Jakarta (ANTARA News) - Pakar Hukum Tata Negara Yusril Ihza Mahendra menyatakan bahwa Undang-Undang Ormas hasil pengesahan Peraturan Pemerintah Pengganti Undang-Undang Nomor 2 Tahun 2017 yang baru saja disahkan masih banyak problematikanya.

"Perppu ini kan memang banyak problematik di dalamnya itu. Kemarin sudah diuji di Mahkamah Konstitusi tapi sayang didahului oleh DPR, jadi kalau sudah didahului DPR sudah jadi Undang-Undang," kata Yusril seusai menghadiri upacara peringatan Hari Dharma Karya Dhika (HDKD) di gedung Kementerian Hukum dan HAM Jakarta, Senin.

Ia pun menyatakan setelah Undang-Undang Ormas itu, maka permohonan gugatan uji materi Perppu Ormas hanya bisa menguji dari sisi materinya saja.

"Kembali kepada pemohon apakah akan kembali menguji Undang-Undangnya walaupun sudah ada berbeda pengujiannya.
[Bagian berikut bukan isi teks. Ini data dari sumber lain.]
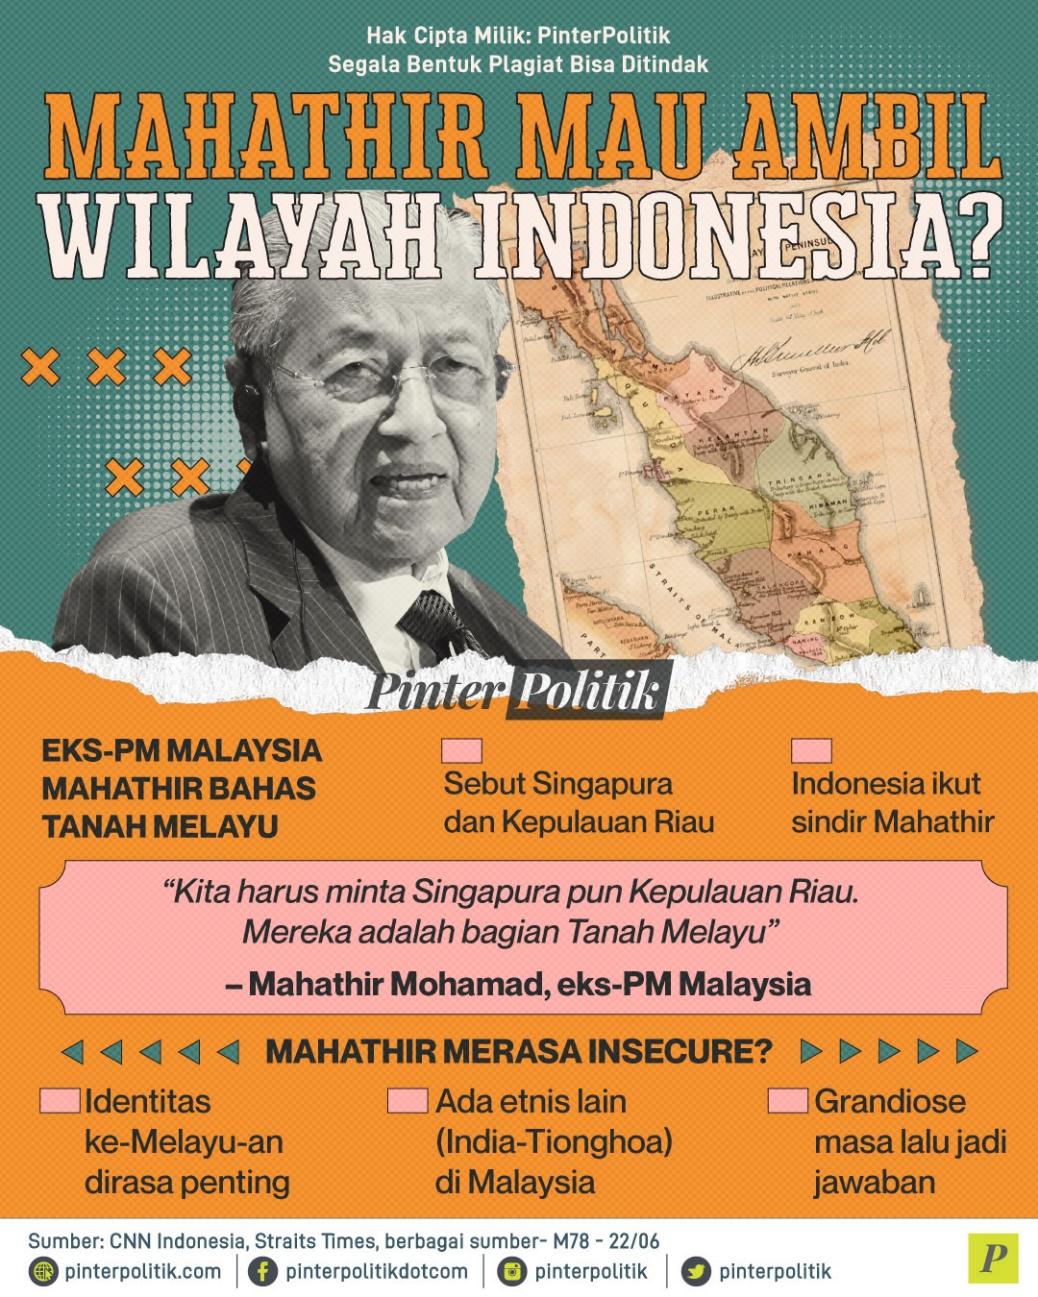 Mahathir Mau Ambil Wilayah Indonesia

Jadi, ini hanya menguji materilnya tetapi tidak menguji formilnya, formilnya kan pada Kementerian memaksa atau tidak," kata Yusril.

Menurut dia, kemungkinan dalam waktu dekat ini, Mahkamah Konstitusi akan mengeluarkan penetapan bahwa sidang uji materi Perppu itu dihentikan karena sudah kehilangan objeknya.

"Jadi, mantan pengurus HTI mengatakan kepada saya akan kembali menguji Undang-Undangnya, ya tetapi masih menunggu kapan ini disahkan, kapan diundangkan oleh Presiden dan nanti kalau sudah siap baru diuji lagi ke MK," kata mantan Menteri Hukum dan Perundang-Undangan periode 2001-2004 itu.

Lebih lanjut, ia menyatakan bahwa catatan revisi Undang-Undang Ormas yang paling utama terdapat pada Pasal 59 ayat 4.

Adapun isi Pasal 59 ayat 5 bahwa ormas dilarang:

a. Menggunakan nama, lambang, bendera atau simbol organisasi yang mempunyai persamaan pada pokoknya atau keseluruhannya dengan nama, lambang, bendera atau simbol organisasi gerakan separatis atau organisasi terlarang.

b. Melakukan kegiatan separatis yang mengancam kedaulatan Negara Kesatuan Republik Indonesia dan/atau

c. Menganut, mengembangkan serta menyebarkan ajaran atau paham yang bertentangan dengan Pancasila.

Selain itu, Yusril juga mempermasalahkan soal peniadaan dari kewenangan pengadilan untuk menilah apakah ormas itu bertentangan dengan Pancasila atau tidak.

"Kemudian peniadaan dari kewenangan pengadilan untuk menilai apakah betul ormas itu mengembangkan atau mengajarkan menganut paham bertentangan Pancasila atau tidak. Itu yang paling penting," ucap Yusril.

Sebelumnya, DPR RI melalui rapat paripurna akhirnya memutuskan menyetujui Perppu Nomor 2 Tahun 2017 tentang Ormas menjadi undang-undang melalui mekanisme voting terbuka fraksi.

"Dari hasil voting terbuka, sebanyak 314 anggota dari tujuh fraksi menyatakan setuju, serta sebanyak 131 anggota dari tiga fraksi menyatakan tidak setuju. Anggota yang hadir seluruhnya sebanyak 445 orang," kata Wakil Ketua DPR RI Fadli Zon saat memimpin rapat paripurna lanjutan di Gedung MPR/DPR/DPD RI, Jakarta, Selasa (24/10).